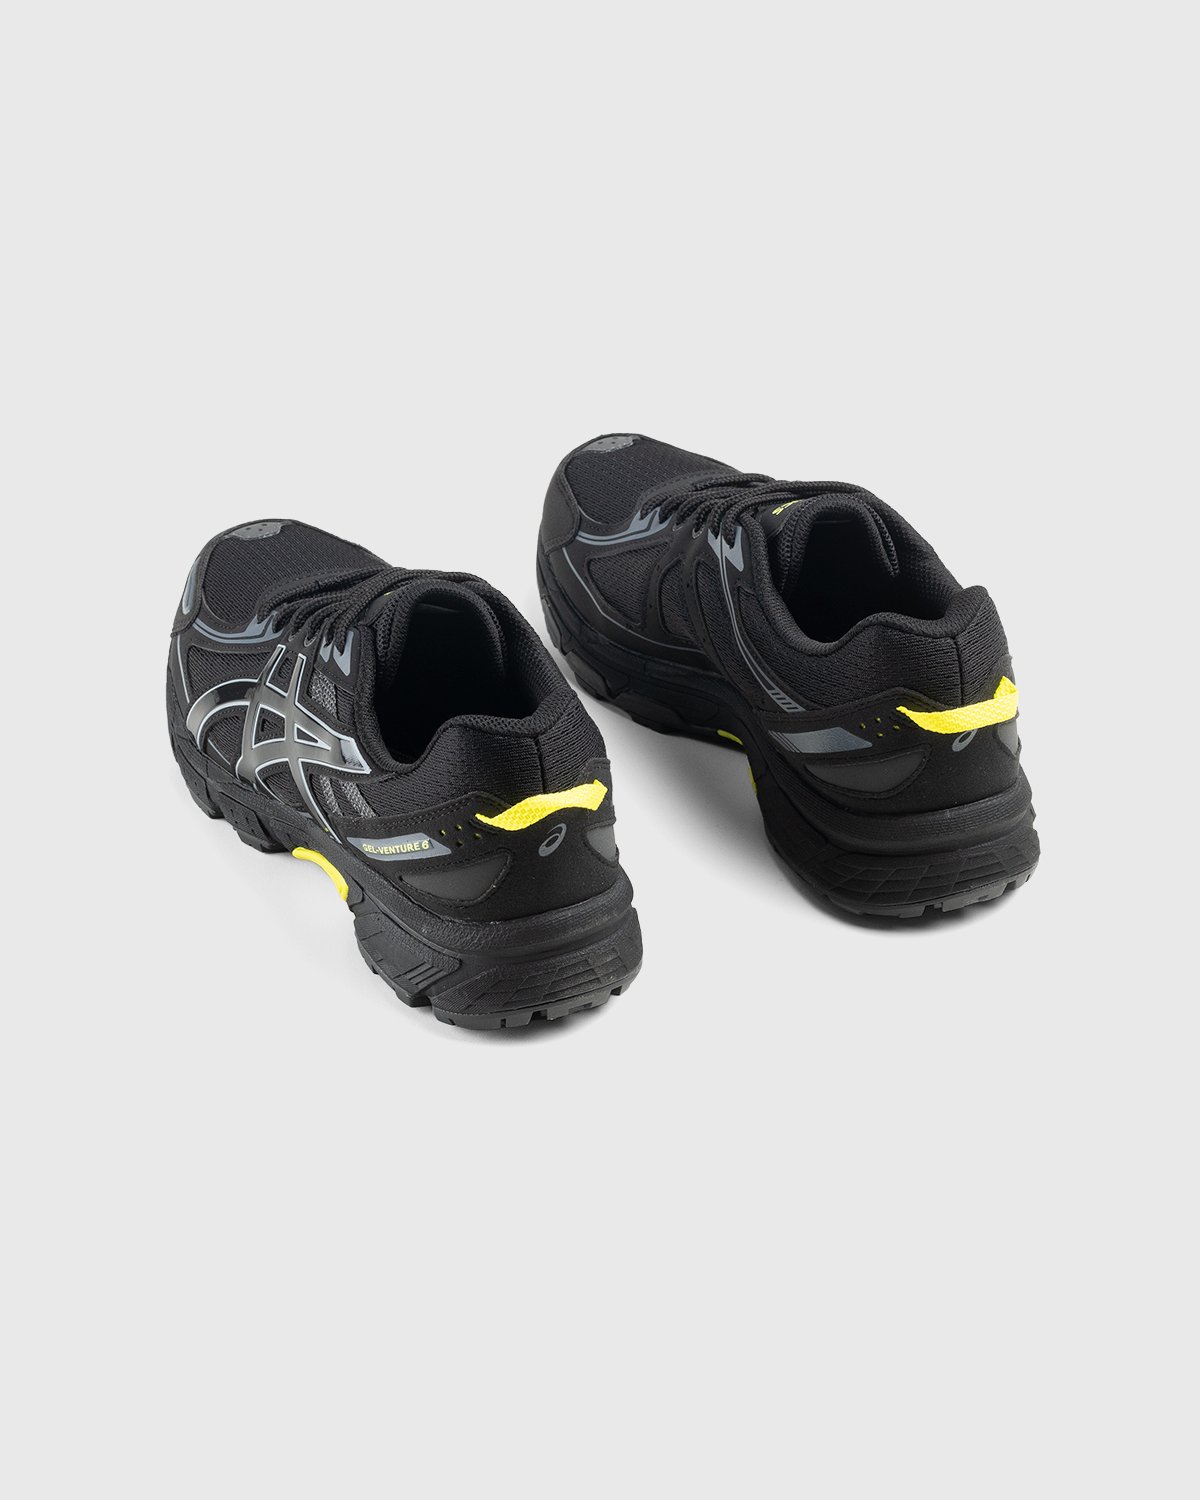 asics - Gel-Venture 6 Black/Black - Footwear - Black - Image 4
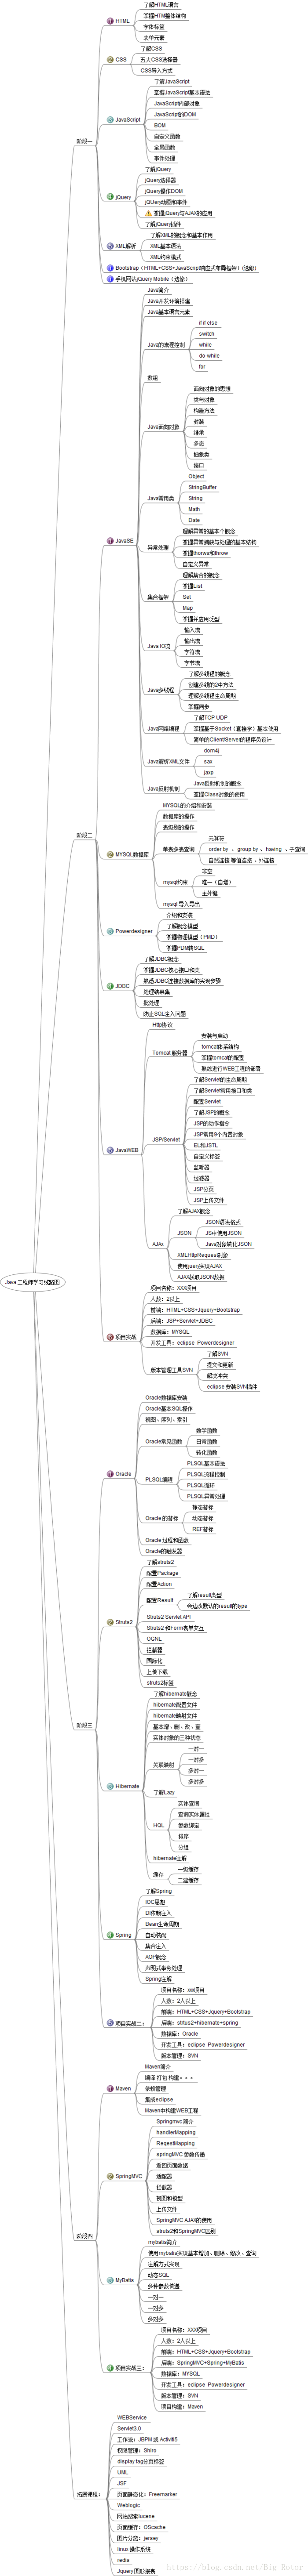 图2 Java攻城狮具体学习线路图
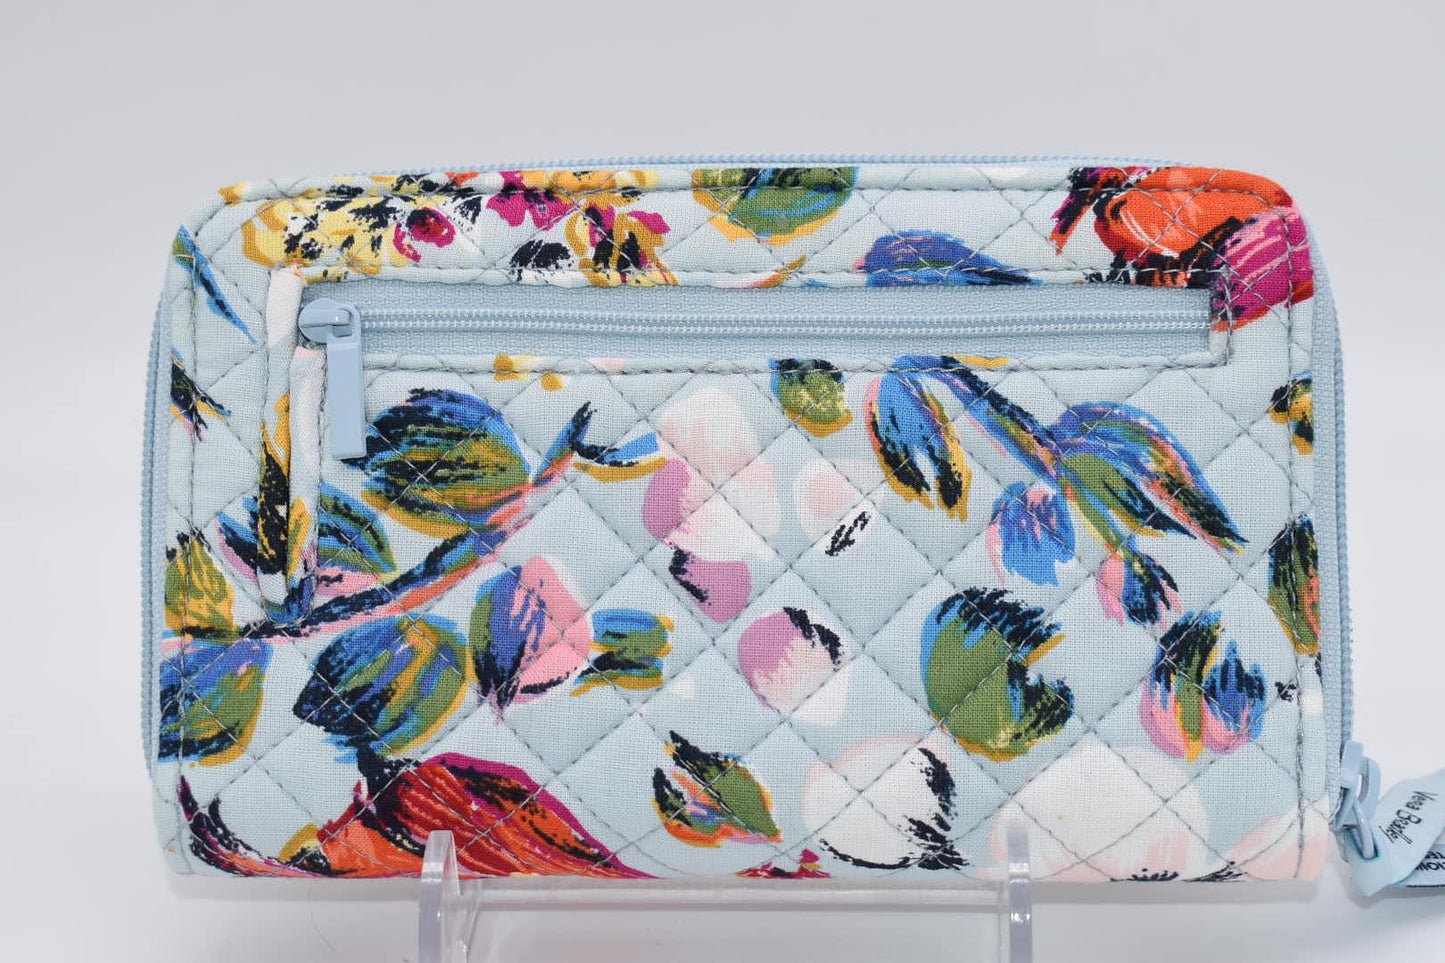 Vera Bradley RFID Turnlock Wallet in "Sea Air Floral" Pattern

EXERCISE PROMPT
Nothing but the lines from the one that contains "图2 Java攻城狮具体学习线路图" through the last line of the material should be written out, exactly. Omit pictures.

REPLY
 图2 Java攻城狮具体学习线路图
 Vera Bradley RFID Turnlock Wallet in "Sea Air Floral" Pattern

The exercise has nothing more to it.